Introduction to gauge theory

A gauge theory is a type of theory in physics. Modern theories describe physical forces in terms of fields, e.g., the electromagnetic field, the gravitational field, and fields that describe forces between the elementary particles. A general feature of these field theories is that the fundamental fields cannot be directly measured; however, some associated quantities can be measured, such as charges, energies, and velocities. In field theories, different configurations of the unobservable fields can result in identical observable quantities. A transformation from one such field configuration to another is called a gauge transformation; the lack of change in the measurable quantities, despite the field being transformed, is a property called gauge invariance. Since any kind of invariance under a field transformation is considered a symmetry, gauge invariance is sometimes called gauge symmetry. Generally, any theory that has the property of gauge invariance is considered a gauge theory. For example, in electromagnetism the electric and magnetic fields, E and B, are observable, while the potentials V (""voltage"") and A (the vector potential) are not.

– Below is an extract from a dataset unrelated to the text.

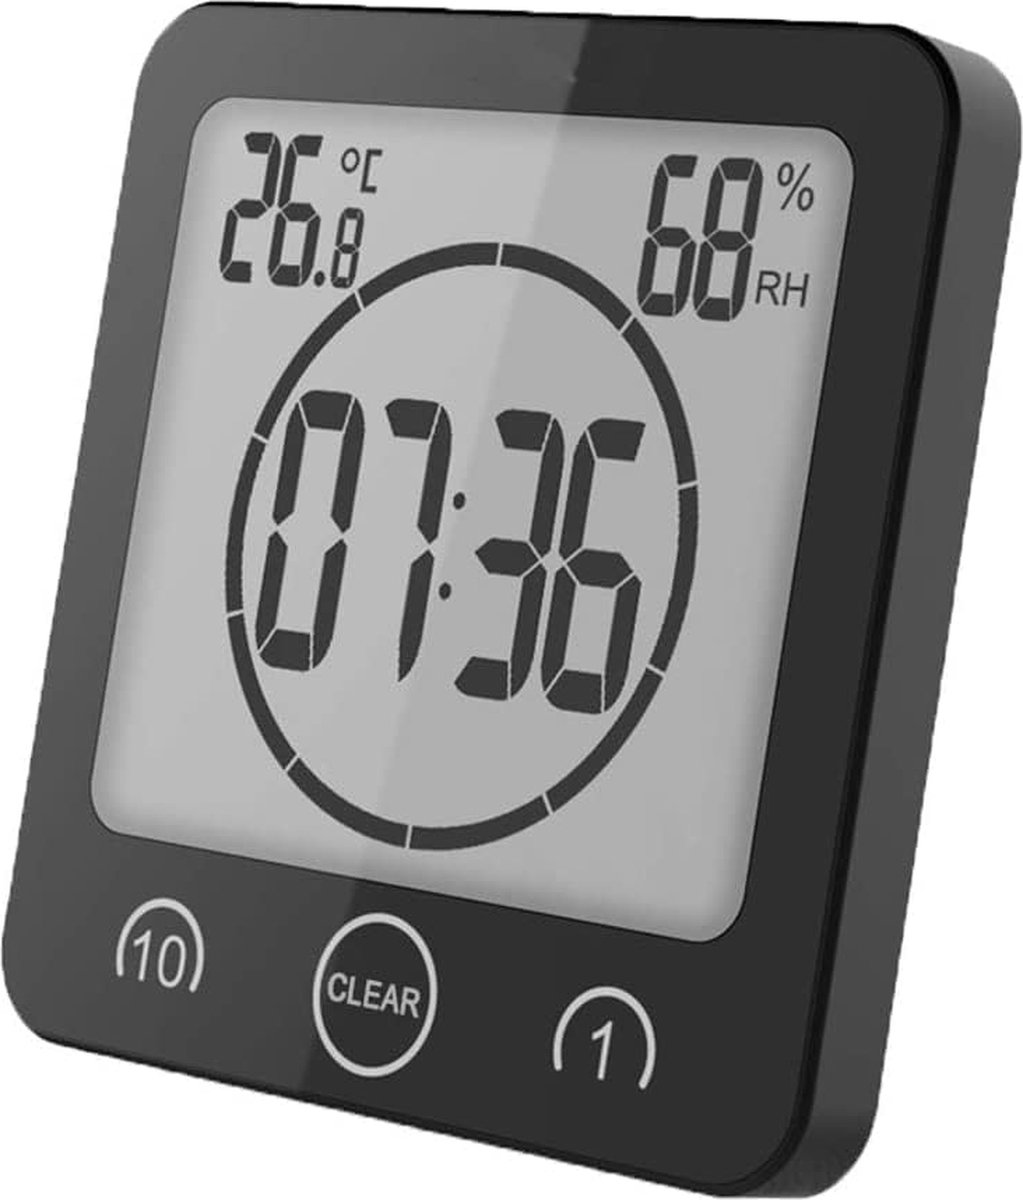 Douche Timer met Waterdicht Ontwerp, Hygrometer, en Thermometer - Energiebesparing en Comfortabele Douche - Badkamer Gadget voor Milieubewust Leven

Under a gauge transformation in which a constant is added to V, no observable change occurs in E or B.With the advent of quantum mechanics in the 1920s, and with successive advances in quantum field theory, the importance of gauge transformations has steadily grown. Gauge theories constrain the laws of physics, because all the changes induced by a gauge transformation have to cancel each other out when written in terms of observable quantities. Over the course of the 20th century, physicists gradually realized that all forces (fundamental interactions) arise from the constraints imposed by local gauge symmetries, in which case the transformations vary from point to point in space and time. Perturbative quantum field theory (usually employed for scattering theory) describes forces in terms of force-mediating particles called gauge bosons. The nature of these particles is determined by the nature of the gauge transformations. The culmination of these efforts is the Standard Model, a quantum field theory that accurately predicts all of the fundamental interactions except gravity.